Fix it by using kernel_fpu_begin_mask(KFPU_387) explicitly.

Fixes: 7ad816762f9b ("x86/fpu: Reset MXCSR to default in kernel_fpu_begin()")
Reported-by: Krzysztof Mazur <[email protected]>
Signed-off-by: Andy Lutomirski <[email protected]>
---
arch/x86/lib/mmx_32.c | 20 +++++++++++++++-----
1 file changed, 15 insertions(+), 5 deletions(-)
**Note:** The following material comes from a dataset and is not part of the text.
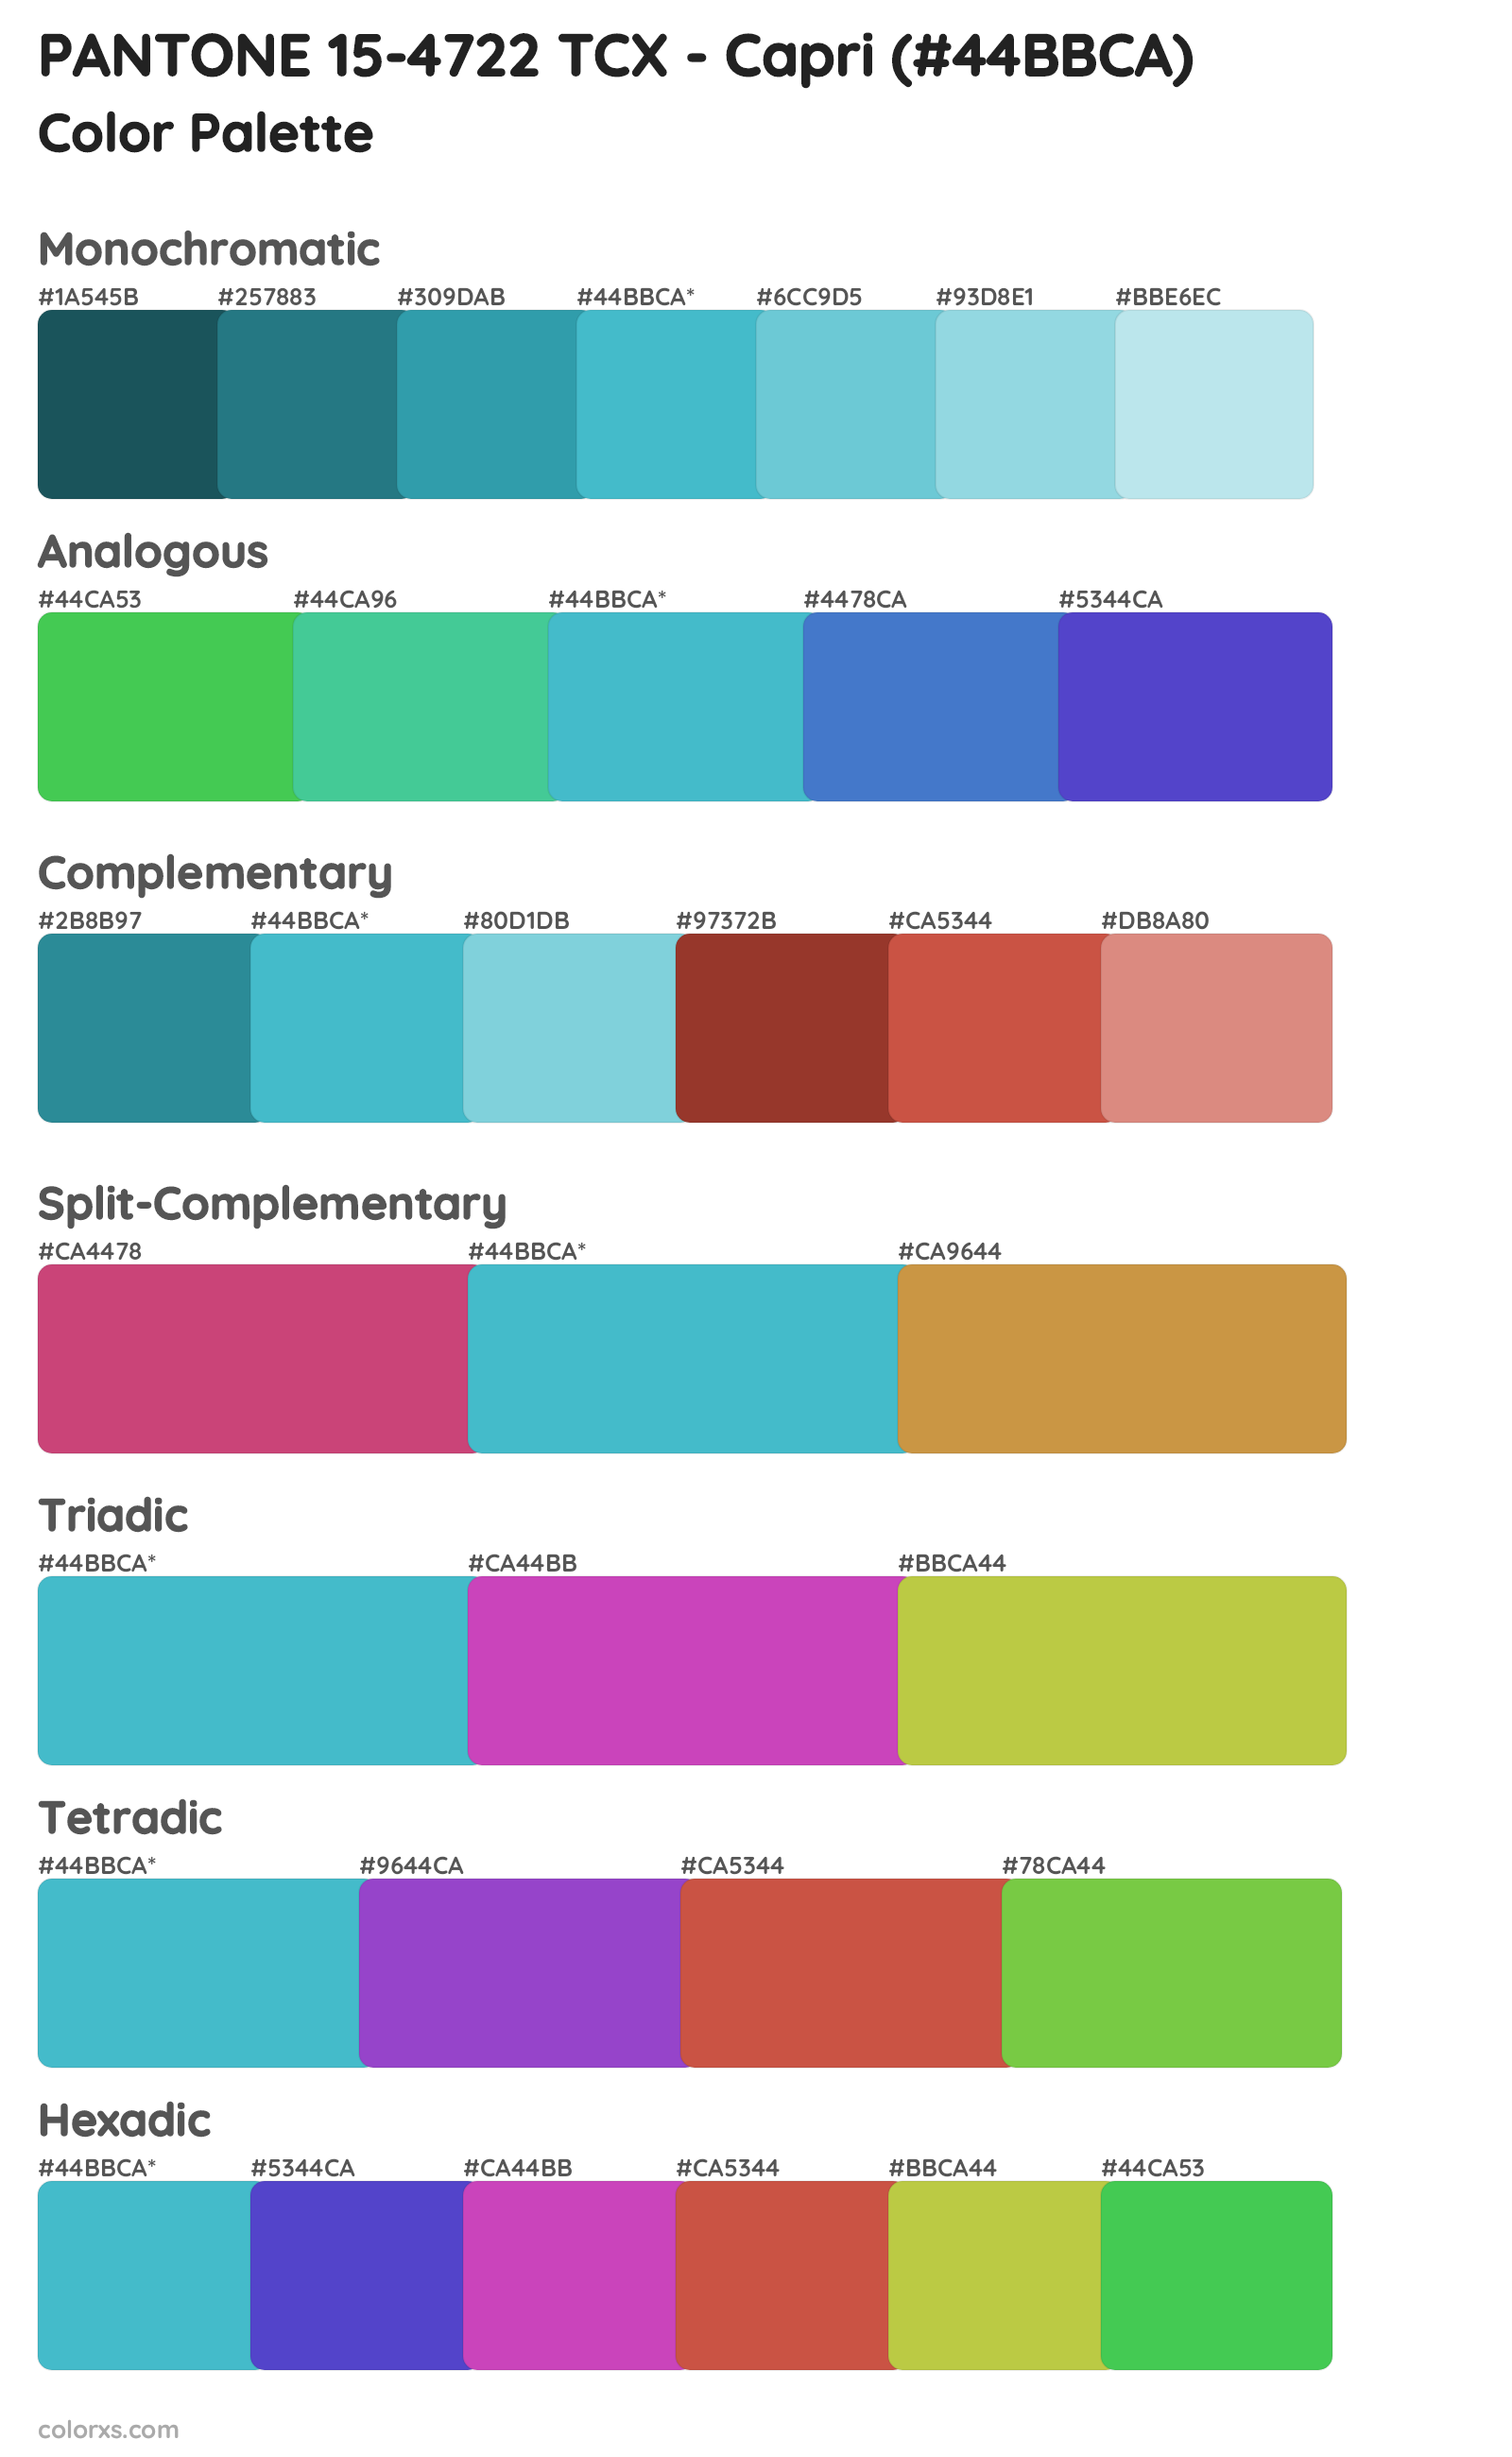 PANTONE 15-4722 TCX - Capri Color Scheme Palettes

diff --git a/arch/x86/lib/mmx_32.c b/arch/x86/lib/mmx_32.c
index 4321fa02e18d..2a6ad7aa148a 100644
--- a/arch/x86/lib/mmx_32.c
+++ b/arch/x86/lib/mmx_32.c
@@ -26,6 +26,16 @@
#include <asm/fpu/api.h>
#include <asm/asm.h>

+/*
+ * For MMX, we use KFPU_387. MMX instructions are not affected by MXCSR,
+ * but both AMD and Intel documentation states that even integer MMX
+ * operations will result in #MF if an exception is pending in FCW.
+ *
+ * We don't need EMMS afterwards because, after we call kernel_fpu_end(),
+ * any subsequent user of the 387 stack will reinitialize it using
+ * KFPU_387.
+ */
+
void *_mmx_memcpy(void *to, const void *from, size_t len)
{
void *p;
@@ -37,7 +47,7 @@ void *_mmx_memcpy(void *to, const void *from, size_t len)
p = to;
i = len >> 6; /* len/64 */

- kernel_fpu_begin();
+ kernel_fpu_begin_mask(KFPU_387);

__asm__ __volatile__ (
"1: prefetch (%0)\n" /* This set is 28 bytes */
@@ -127,7 +137,7 @@ static void fast_clear_page(void *page)
{
int i;

- kernel_fpu_begin();
+ kernel_fpu_begin_mask(KFPU_387);

__asm__ __volatile__ (
" pxor %%mm0, %%mm0\n" : :
@@ -160,7 +170,7 @@ static void fast_copy_page(void *to, void *from)
{
int i;

- kernel_fpu_begin();
+ kernel_fpu_begin_mask(KFPU_387);

/*
* maybe the prefetch stuff can go before the expensive fnsave...
@@ -247,7 +257,7 @@ static void fast_clear_page(void *page)
{
int i;

- kernel_fpu_begin();
+ kernel_fpu_begin_mask(KFPU_387);

__asm__ __volatile__ (
" pxor %%mm0, %%mm0\n" : :
@@ -282,7 +292,7 @@ static void fast_copy_page(void *to, void *from)
{
int i;

- kernel_fpu_begin();
+ kernel_fpu_begin_mask(KFPU_387);

__asm__ __volatile__ (
"1: prefetch (%0)\n"
--
2.29.2

2021-01-19 18:57:54

by Andy Lutomirski

[permalink] [raw]

Subject: [PATCH v2 3/4] x86/fpu: Make the EFI FPU calling convention explicit

EFI uses kernel_fpu_begin() to conform to the UEFI calling convention.
This specifically requires initializing FCW, whereas no sane 64-bit kernel
code should use legacy 387 operations that reference FCW.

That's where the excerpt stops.